Finding out who's parking near Krížna street
Figuring out what consequences we may expect if the number of parking lots is reduced
Explaining the need of reducing number of parking lots or introducing a limited parking zone
Finding out which areas should be covered by the zone
Who's our recipient / reader / user?
This is a second thing that's necessary to craft a good data visualisation. For example:
Residents of Krížna neighborhood
Car owners parking near Krížna
Ourselves, if we want to explore the data
What's the message?
We may already know it (e.g. "Too many cars parking during working hours"), but sometimes we need to explore our data first.
For the purpose of this workshop, we decided that we're going to explain the need of limiting the number of parking lots to city officials and urban activists. It means that our reader has much more knowledge and better skills to understand the topic than a local resident. He or she will also have a higher motivation to learn about the idea – we can create an online article and send it to them. While talking to car owners, we should probably choose much simpler and more direct medium.
2.3 Exploration and explanation
Apart from explaining things, data visualisation often serves as an exploratory tool for ourselves, helping to find specific aspects, patterns or questions in the dataset.
Why should we explore data by visual means? Let's look at the example of the Anscombe's quartet – a collection of four datasets (I, II, III, IV), which seem very similar when examined by the typical methods of statistical analysis:
However, a simple scatter plot visualisation of x and y values reveals obvious differences between four datasets:
We can easily imagine that a bigger and more complicated dataset can include a lot of information that could be extracted from its visualisations.
3. Exploring Krížna Street dataset
Let's start our data-based project. This is the dataset about cars parking near Krížna Street in the form the CSV file.

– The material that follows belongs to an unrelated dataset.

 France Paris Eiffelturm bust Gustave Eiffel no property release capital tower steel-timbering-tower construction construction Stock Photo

And here's our first task:
Download the dataset (icon on the right)
You may wonder why to keep the data in a plain text file when we can use more sophisticated options such as spreadsheets or databases? The problem is that they store data in a way that is not always recognized by other applications. For this reason, small data sets are often kept in ordinary text files, such as CSV, so they can be read quickly by any computer without installing additional software.
In a nutshell, a CSV (comma separated values) is no different than a typical data table inside a text file with values separated (most often) by commas – as opposed to the column boundaries in the excel table.

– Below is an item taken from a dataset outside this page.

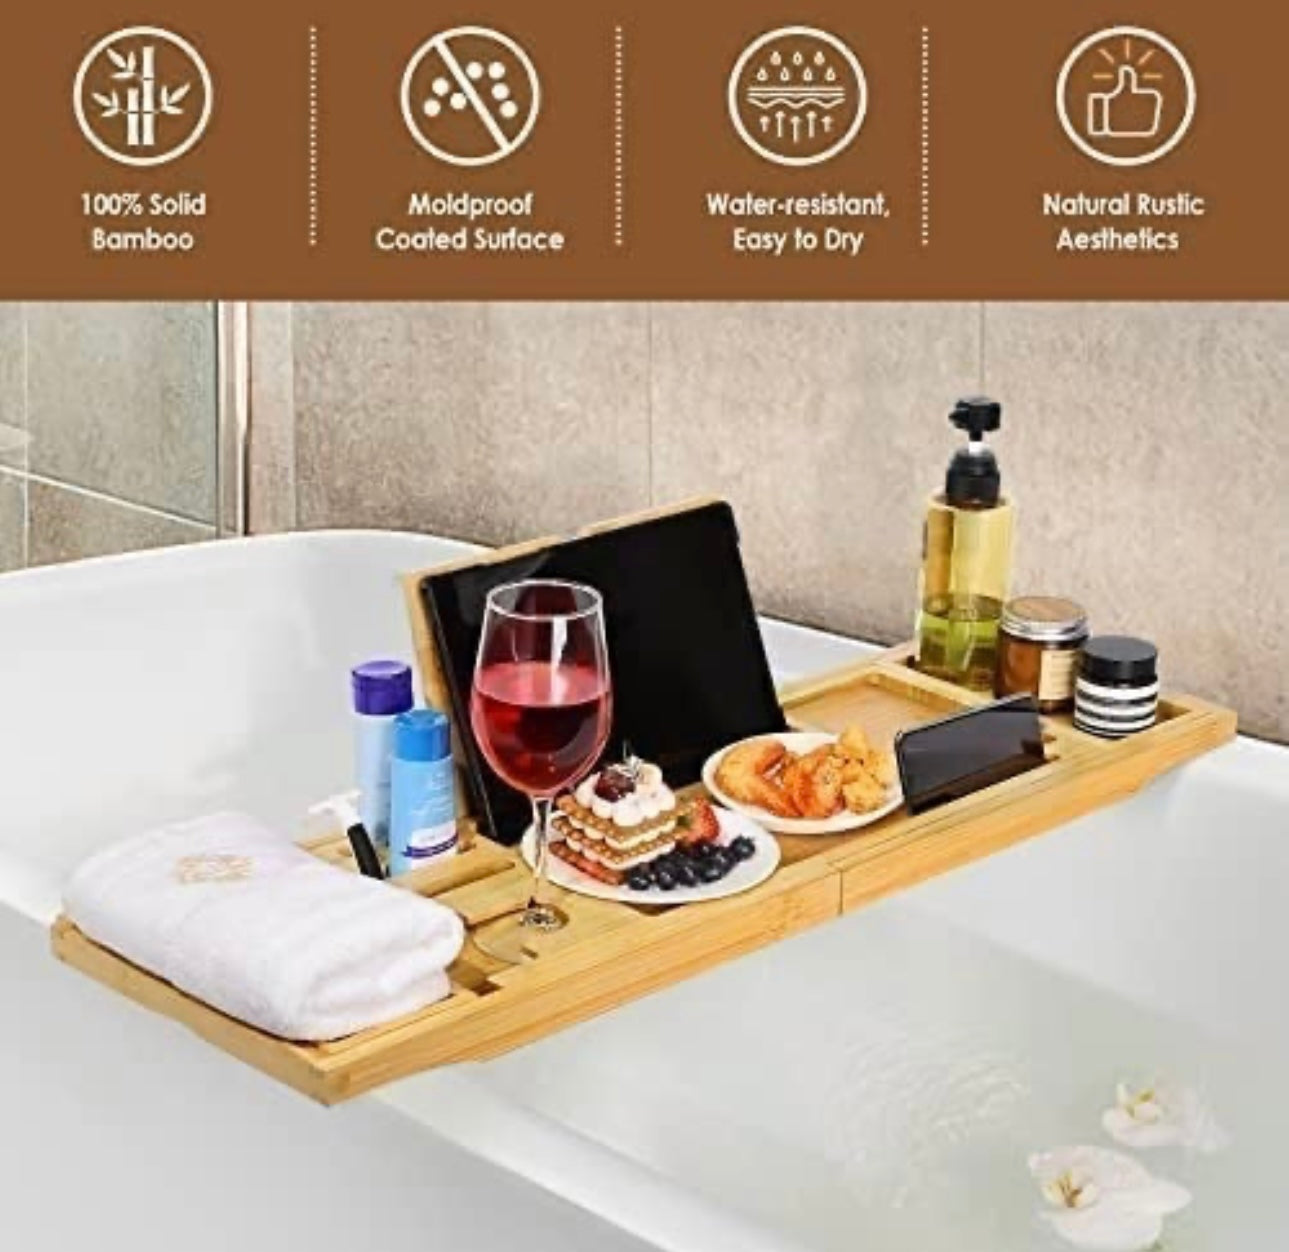 Bathtub Expandable Bamboo Tray, with Book Holder,Soap Dish, Wine Glass Slot

What kind of data do we have? Let's look at several variables / columns:
lat & long – location of spotted cars (from the GPS)
datum & cas – date and time when the car was spotted
is weekday (true or false)
time of day ("evening", "midday" or "all day")
spotted count – how many times we have spotted the car
days count – during how many days of the study we have spotted the car
registration plates – we only left first two letters, available as ecv_code
dr_okres & dr_obec – some information on the origin of the car (but not available for all cars)
address of the owner – removed from this dataset
distance – from the parked car to the owner's address
distance category – setarbitrarily by us, based on the distance
However, it's extremely hard to read it from the table. Let's browse for interesting topics (and answers, if possible) by visual exploration.
3.1 Exercise: a basic exploration
A quick file inspection before you start working with the data is a good habit for any analyst. It will help you get a sense of what’s inside the data, discover missing records or spot other errors that may have occurred while writing data to the file. If you don't have more advanced software at hand, you can quickly preview the CSV file content by using online tools.
Let's start with the most basic file inspection using WTFcsv:
Click the [ upload a file ] tab (yellow, as everything here)
Click [ upload a file ] button (white)
Select the file with our dataset
Click [ ANALYZE ]
You should see a bunch of small charts. They are generated automatically for each column, basing only on the guess of the data type (if it's a number, text or date) – that's why some of them make sense, and some don't. Try to examine the charts and look for any information.
Looking at the results, we may start considering the questions like:
Are all the cars from Bratislava?
If not: what's the number of local cars to cars from outside of Bratislava?
Where do they come from?
How long do they remain there?
Are there more or less cars during working hours?
Is it easy to park near your house?
Are they mostly private cars?
Two areas that may look interesting to us:
Origin of cars (locals, from other parts of Bratislava, from outside)
Changes over time of a day (morning, evening, weekday)
Pandas Profiling – a bit more advanced, see the results for our dataset
Of course it's perfectly ok to use any visualisation tool for the data exploration stage – starting from simple spreadsheet charts, through online tools (like Datawrapper, Flourish, RAW Graphs etc.) up to programming languages or libraries like Python, R or D3.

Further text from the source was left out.